Fantasies and daydreams come in different genres to please different emotions. Comedy, Drama, Romance, Action, Adventure, Horror, Sexual, etc. Yours seem to be horror but still pleasurable just like horror films

Daydreams can be pleasant or a nightmare. I've had bad fantasies and my mom often noticed and wondered what exactly goes on in that head of mine.

So then why are official definitions describing them as always pleasant? Is your "bad fantasy" now considered a nightmare?

Definitions are always changing on the internet, a bad fantasy is another term for a day mare. Day-mares are the opposite of daydreams. Depending on your life experiences and the genre of your daydream, it can become positive or negative. Not everything about dreams are pleasurable.

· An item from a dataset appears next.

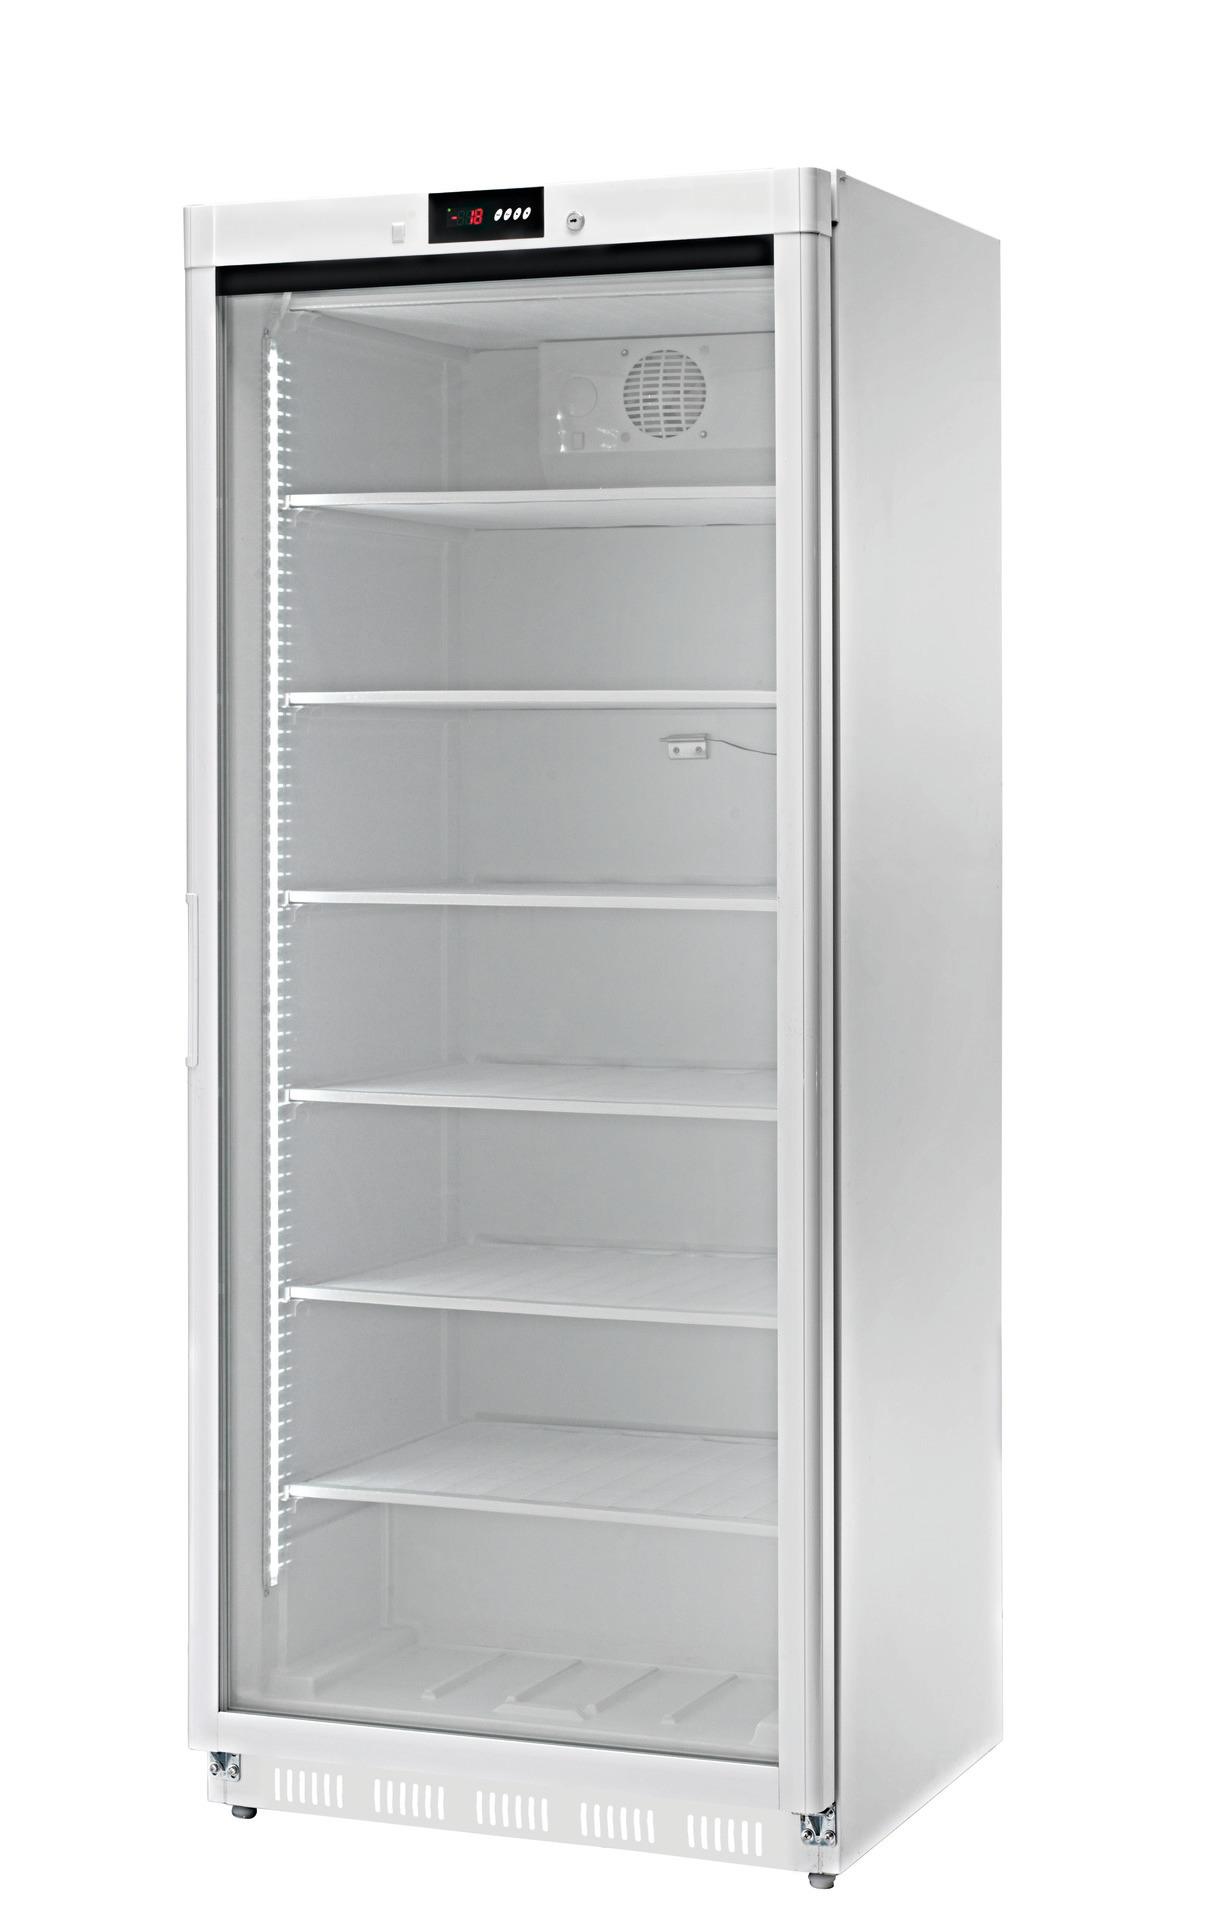 Tiefkühlschrank weiß 580 l 777 x 710 x 1895 mm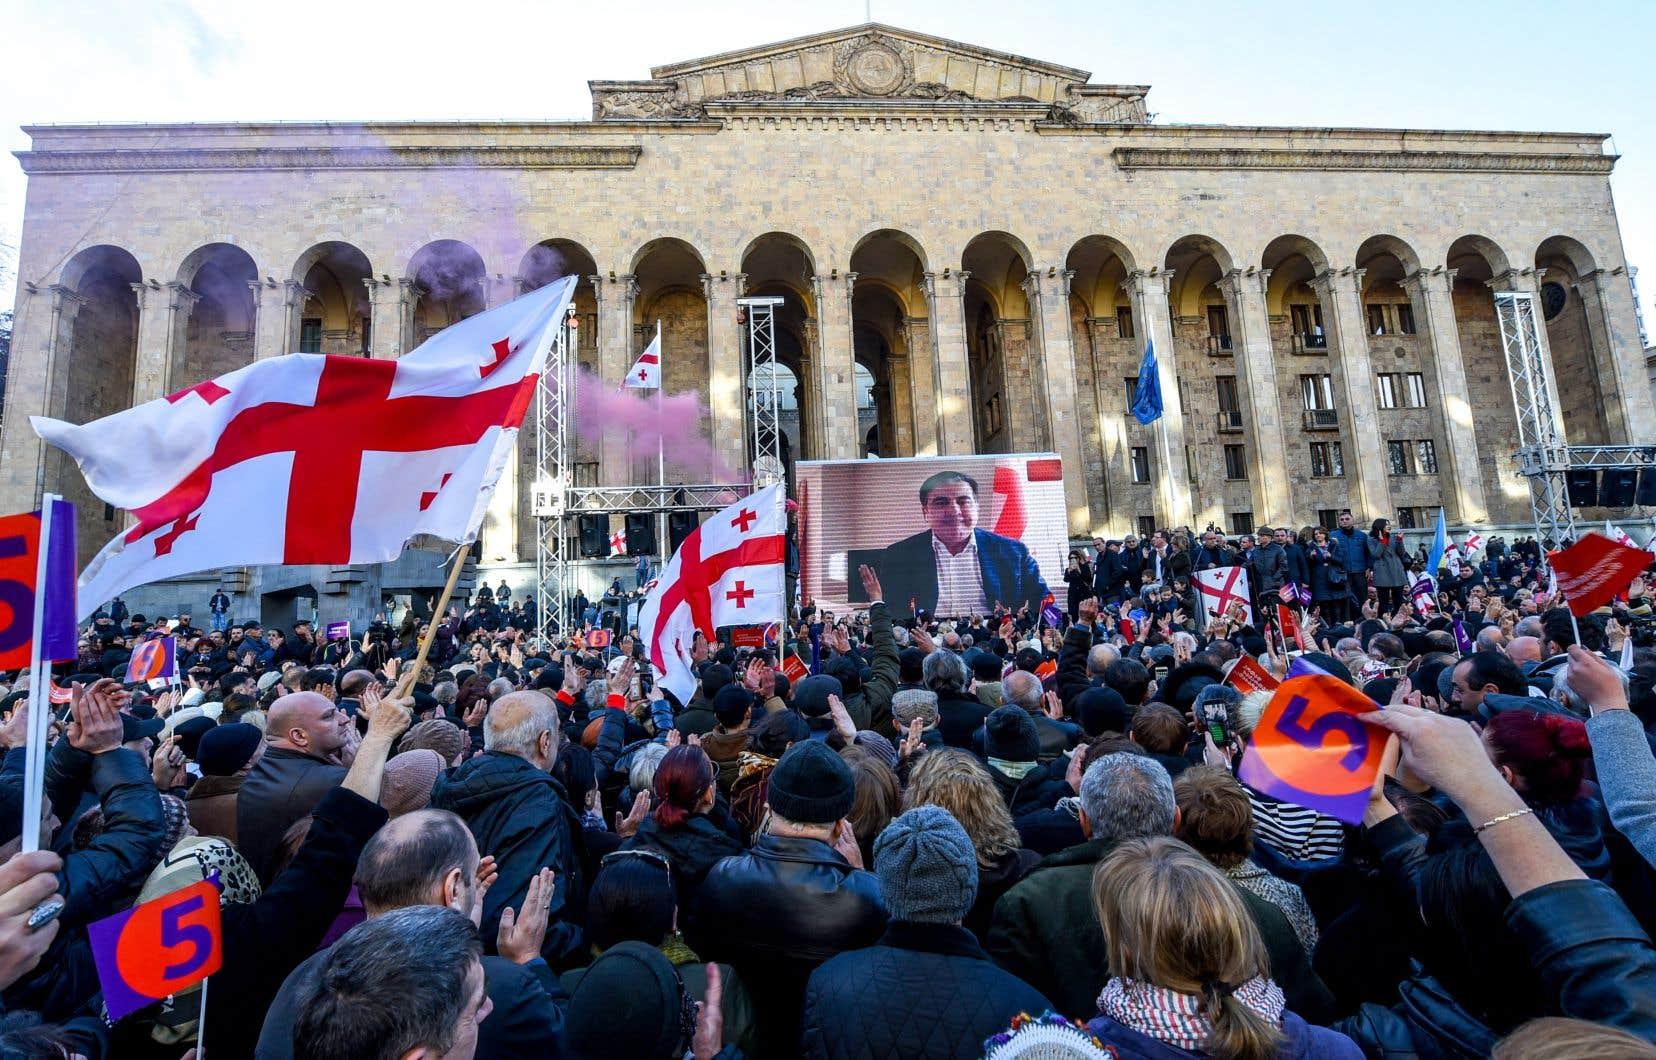 Des dizaines de milliers de Géorgiens se sont réunis dimanche dans les rues de Tbilissi pour protester contre l'élection présidentielle.

Even my gross, bad daydreams are ‘pleasurable’. It’s weird.

Yeah, when I was a kid, I dreamt up the weirdest, grossest and stupidest things, enough to make others cringe.

Sometimes when my anxiety flares up, I start picturing the worst and most upsetting case scenarios. I know it’s bad for me and I want to stop, but something in me drives me to keep picturing upsetting situations vividly, I guess for some sort of closure or to (as my mind tricks me into believing) mentally “prepare me”. It’s not that bad for me and they’re nowhere near as detailed as my fantasies and daydreams, but when they occur they they can put me in an upset mood for a while, or it can drive me to drive people mad with what-if questions. I don’t know if this is particularly what you mean, but it counts as obsessively visualizing during waking hours that has an emotional effect.

When I work at my desk, I tend to picture the most awful and upsetting stories ever. I'm trying to feel better lately, because I had it bad for a while, and my fantasies will return to make me feel so much worse, causing my feelings to fluctuate. To solve this I listen to smooth and relaxing meditation music and hold onto my energy crystal. I'm not that verbally expressive, so nobody knows what I typically go through. So, I'm totally of suffering in silence.